If there's a pattern, I will find it, and I will exploit it. <3
If there's a pattern, I will find it, and I will exploit it. <3
You can't make money off something without any value to people. People have to "want" the thing
You can make a similar argument that the RIAA/MPAA going after piracy is a waste of time. Again, focus on delivering value to actual customers.
If Facebook spent more time on making a friendly ecosystem / community I would be more open to signing back up again. Instead, it seems they are hyper-focused on advertisements at the expense of everything else.
The problem here of course is that circumventing the ad blocking is the most direct way Facebook can find value.
Even if you absolutely mangled the HTML/selectors/DOM/etc. I feel you could always have it process screenshots of the interfaces to rip text/figure out how to interact etc.
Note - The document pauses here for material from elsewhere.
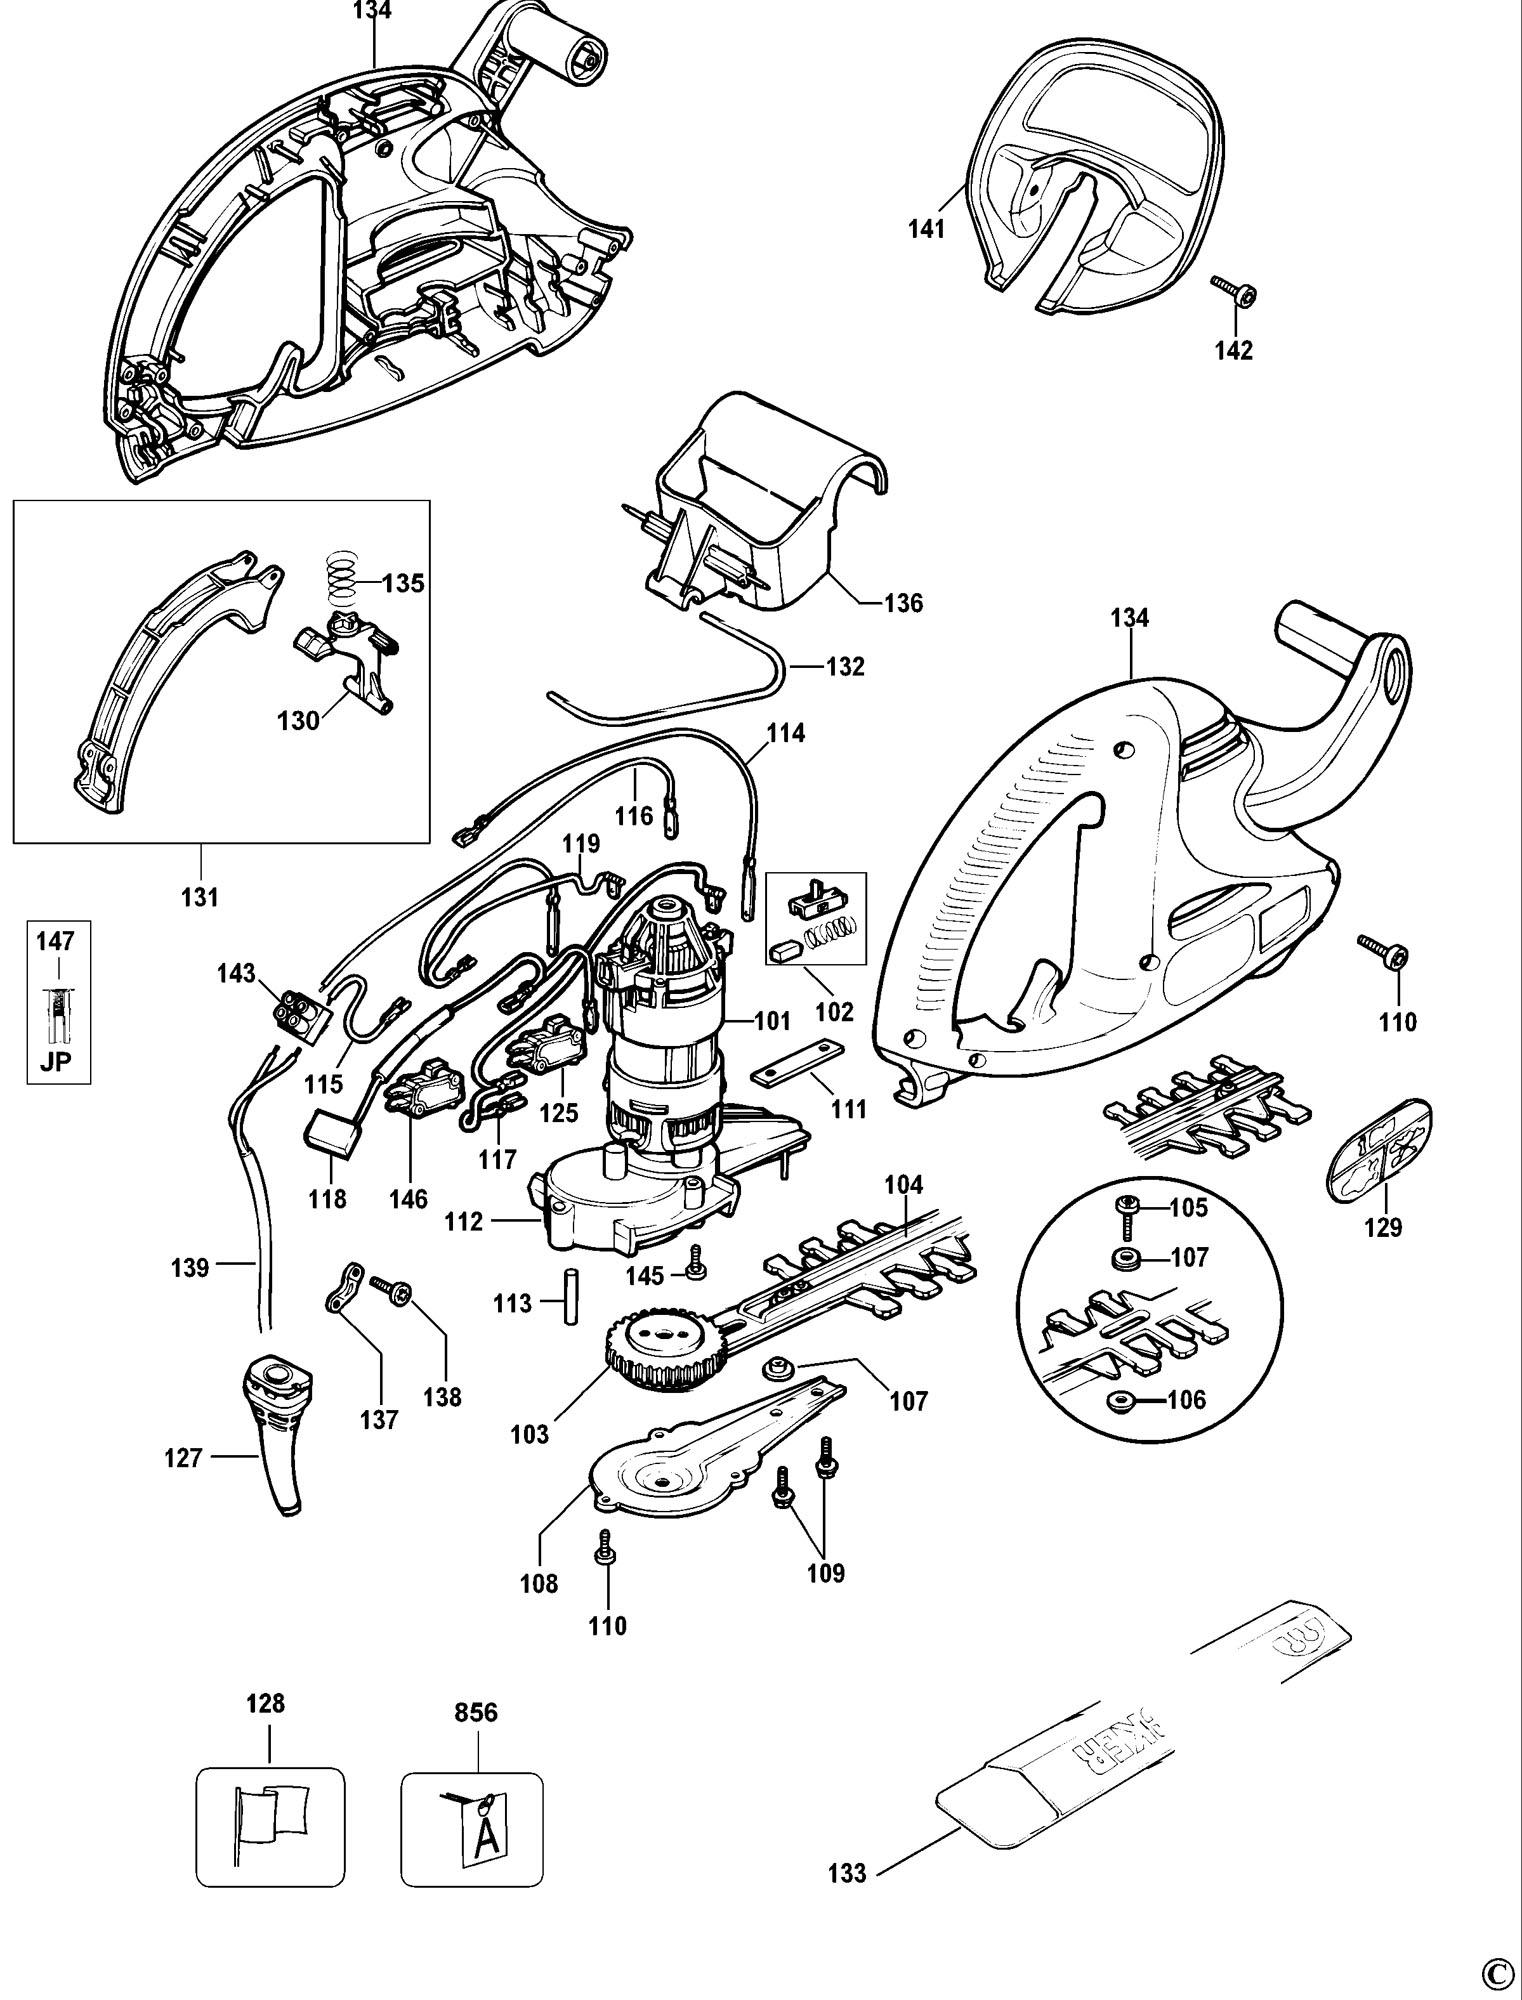 Spares For Black Amp Decker Gt350 Hedgetrimmer Type 4

If it's human readable, it's bot readable imo. (but in years of botting it's never came to this - I've always been able to figure out how to use the existing DOM/selectors to do my work even with anti-bot measures)
Pretty easy to build a randomizing span algo that you can't hardcode.
With all the easy to use tools available to programmers today, it would not be terribly hard to use OCR on a screenshot to find the text of interest and derive the scraping code by searching for the OCR'd text in the markup.
If none of your extant parsers can extract the info you want from the page, send it to OCR pipeline (or, hell, Mechanical Turk) and generate a new one.
If they turn all their posts into <canvas> then it'd kill any accessibility features and the ability to copy-paste text and such so I doubt they'd go that far.
Even then, a scraper could run OCR on the canvas image to get the text out of it.
And advertisers are asking them to show what they are doing to combat adblocking. FB isn't doing this to target customers least likely to convert, they're doing it to check a box for their ad sales team.
Facebook thinks otherwise. Between you and them, I suspect they are more likely to have some evidence or trials to support their position.
Did you mean to say "rectify" as in "fix/adjust"? It sounds like you might have meant "reify" – as in, "create" – but I don't know whether you had the scrapper before that.
Revenue is (simplistically) the product of impressions and value per impression. It’s not therefore immediately obvious that moves like this actually do increase revenue for them, especially over the long term since one potential side effect of doing this is giving more ammunition to the ‘delete Facebook’ crowd.
What I meant is that I can hammer out some Node/Python that will grab an image w/text and put it through OCR for character extraction. "Programming" it would take me a handful of minutes.